AQUILO QUE PAREÇO SER NUNCA FUI E SE FUI DEIXEI DE SER
- Davi Roballo
- 27 de jun. de 2021
- 1 min de leitura
Atualizado: 28 de jun. de 2021

Aproxima-se a noite sorrateira como sempre fora.
Ontem fui menino, depois menino homem
E hoje como homem feito
Percebo que já ultrapassei o meio-dia de minha caminhada.

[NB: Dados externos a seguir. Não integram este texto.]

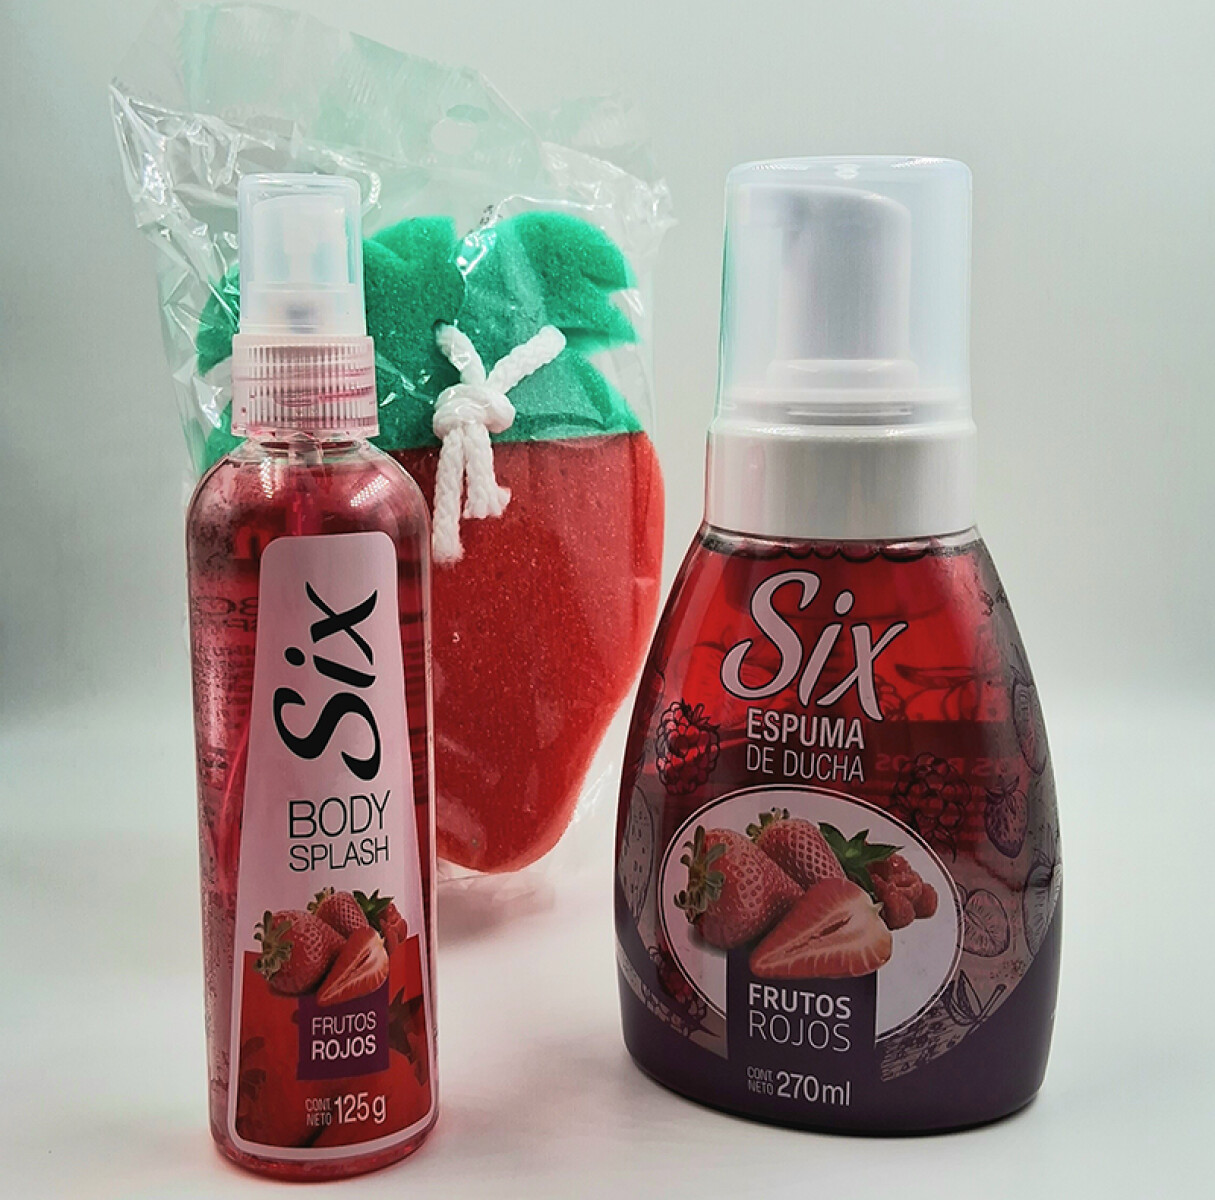 Pack navideño Six ducha - Espuma de ducha + Body splash + Esponja

Subi os montes da vida e agora na meia idade
No alto dos cumes sinto inveja das nuvens,
Que vão livres sem direção e sem formas definidas
Para onde sopra o vento.
Com mil antepassados presos em meu calcanhar
E manchado, encardido pela tradição, pelos hábitos,
Pela cultura e pelos costumes
Posso avistar ao longe - ainda que perto,
O entardecer de meus dias
E logo atrás a escuridão da noite,
Da qual ninguém retornou
Para anunciar o que há para além
Do muro dos mistérios.
Com os olhos castigados pela maresia dos dias
E pelas noites insones
Olho para as paisagens pretéritas
E percebo o tanto de gente e acontecimentos
Que arrastei até aqui comigo.
Tento de todas as formas livra-me disso tudo,
Mas percebo que o esforço é em vão,
Quando me vejo neles e eles nas minhas artérias
Navegando insanamente como bárbaros conquistadores
No que acredito ser meu sangue.
Há um desejo ardente em ser eu mesmo,
Mas a impossibilidade guarda a porta dos
Mistérios que compõem a vida.
Um lapso de pensamento me ocorre:
Tudo aquilo que pareço ser nunca fui,
E se fui deixei de ser, tal é vida,
Esse rio que corre alterando seu fluxo em direção ao mar,
Porque nele não existe mais a possibilidade de ser rio,
Apenas imensidão, esquecimento e anonimato.